Может быть, путешествие по святым местам принесло бы ему больше пользы, но такое в голову не приходило; на дворе стоял официальный атеизм и ирония оппозиции.
А теперь, в Бретани почитать Гюисманса (присмиревшего) оказывается кстати: он открывает мне круг новых авторов: Saint Jean de la Croix, Ruysbroeck (св. Иоанн Креста, Рюисбрёк). Я получаю явную помощь от этого чтения, чего живые люди дать не могут. Впрочем, они собрали книги в шкафы.
7.9. Месса в Сен-Мишель де Кергонан, у сестер монахинь. Проповедь о Фатиме, о знаках конца мира, об откровении Девы Марии трем пастушкам в 1917 году, о России.
Знакомство с проповедником: каноник Алео, о. Альфонс. Удивительны его глаза: карие с зелеными точками и голубыми ободками. Оказалось, он знает и любит св.

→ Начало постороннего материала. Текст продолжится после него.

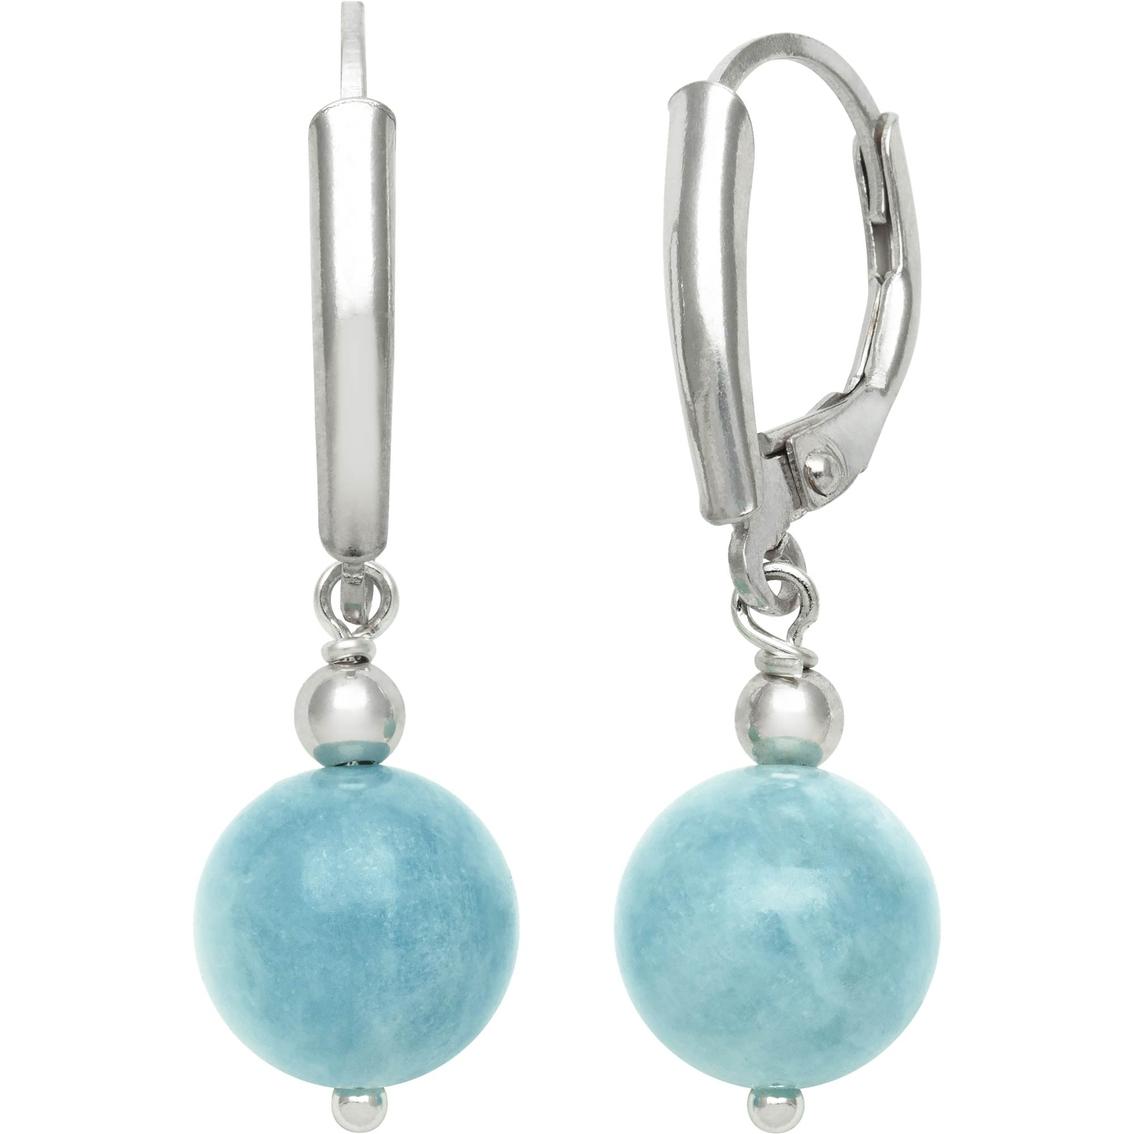 Aquamarine Gemstone Earrings: Sterling Silver Milky Aquamarine Earrings

Иоанна Креста ( в русских текстах его иногда именуют Иоанн Испанец).
(Каноник Альфонс Алео умрет в конце 96-го; его последнее письмо будет наполнено вырезками материалов о конце мира.)
Сестре Доминике нужно было повидать знакомую семью фермера Франсуа, в Ля Форест. Здесь берег очень изрезан, множество заливчиков и островков. Обитаемых: то тут, то там белеет бретонский домик.

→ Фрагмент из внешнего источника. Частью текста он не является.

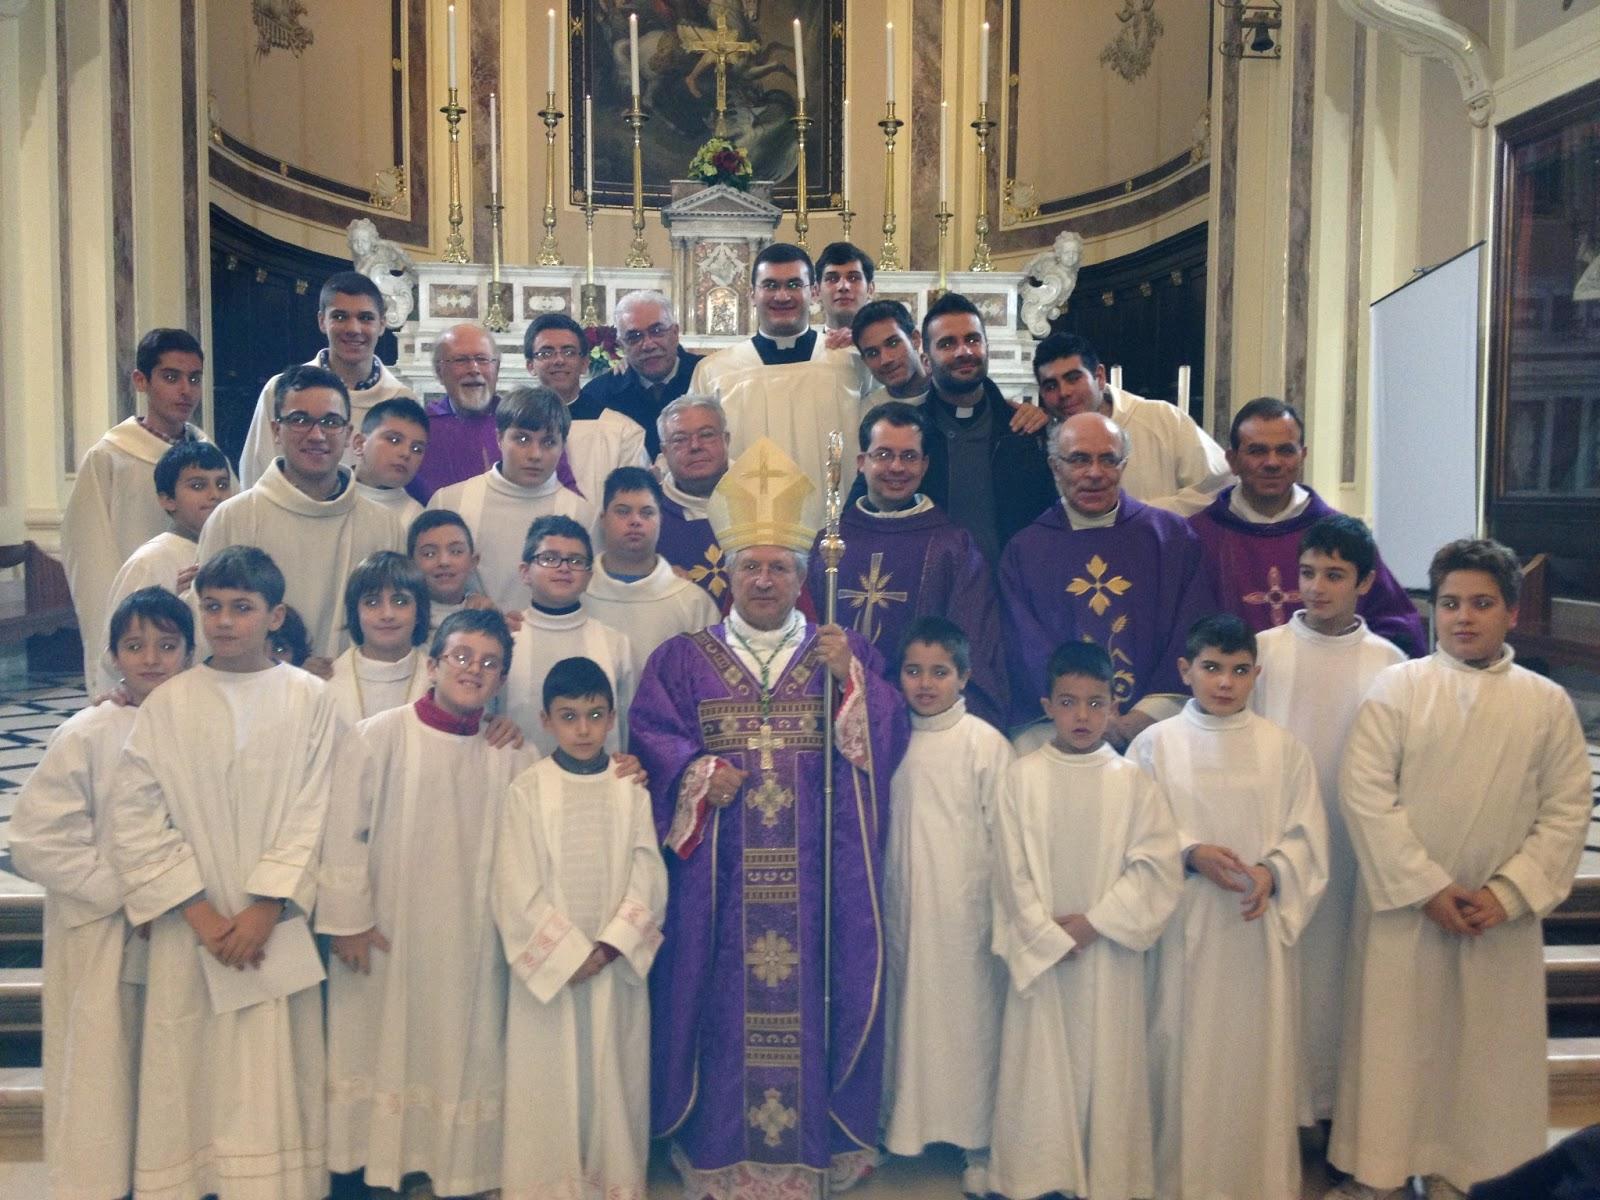 Auguri Di Buon Natale Al Vescovo.Gruppo Ministranti Auguri Di Natale Al Vescovo Rocco

Ах, как мне нужно бы пожить на берегу, даже вон на том островке, в тишине одиночества!
– Вам нужно вернуться к семье, – твердо сказала сестра. Колени у меня ослабли, я испугался и почувствовал недоумение: как, после всего ужаса – всего-то навсего?..

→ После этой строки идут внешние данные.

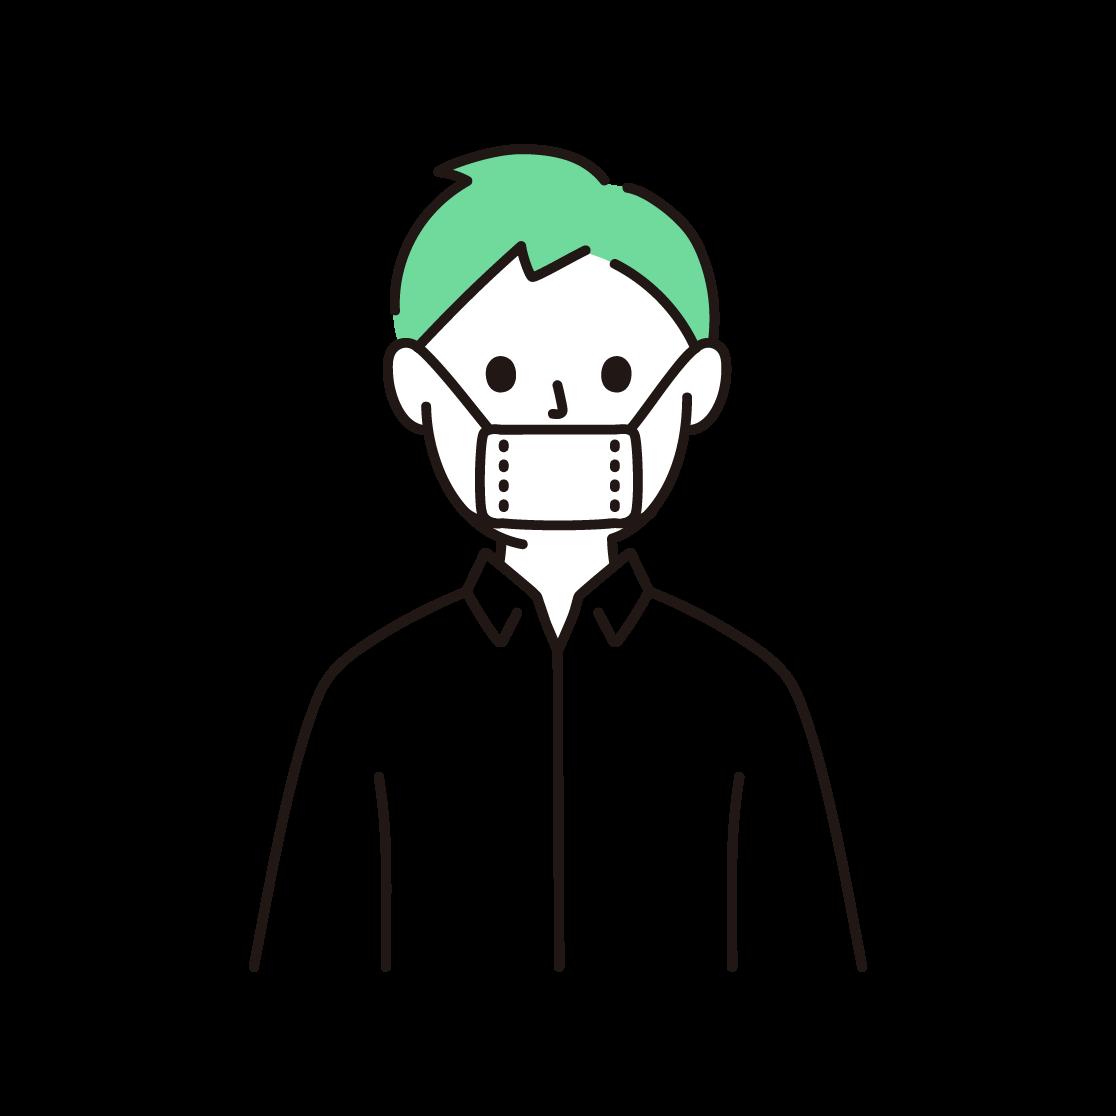 マスクから鼻が出てしまっている人の単色イラスト

(Разрыв произошел за три года до того.
И три года спустя после возвращения он повторится.)
Недоумевая, я видел, однако, что сейчас у меня нет своего взгляда ни на что: остается принять совет, как спасательный круг.
Сестра привезла меня на конечную станцию, куда парижский поезд доходит только летом. И сегодняшний поезд – последний. И единственный пассажир садится в вагон, это я.
Грусть перед очередной переменой. Перемены не прекращаются с апреля. Если не с ноября.
Если не со дня появления на свет.
Сестры будут молиться за нас, и каноник Алео, и все.
26 сентября 1982. Крещен сегодня отцом Всеволодом Дунаевым. Церковка маленькая, построенная в 30-х годах беженцами, поселившимися и здесь, не так далеко от Парижа (rue de l’Espйrance а Petit Clamart). Называется ц. Рождества Пресвятой Богородицы. Были со мной в этот день моя дочь Мария и ее мать, крестная мать Надежда и крестный отец Никита, совсем юный, так что о. Всеволод даже спросил: “А где же отец?..” Но он и должен был быть моим крестным: сама кротость. А Надежда – смирение.
Два новых родителя новой души.
И муж Надежды, Владимир. Он нас привез на машине.
И ризничий Николай Петрович.
Мой огонь отдаляется. Уходит ужас “умереть некрещеным”.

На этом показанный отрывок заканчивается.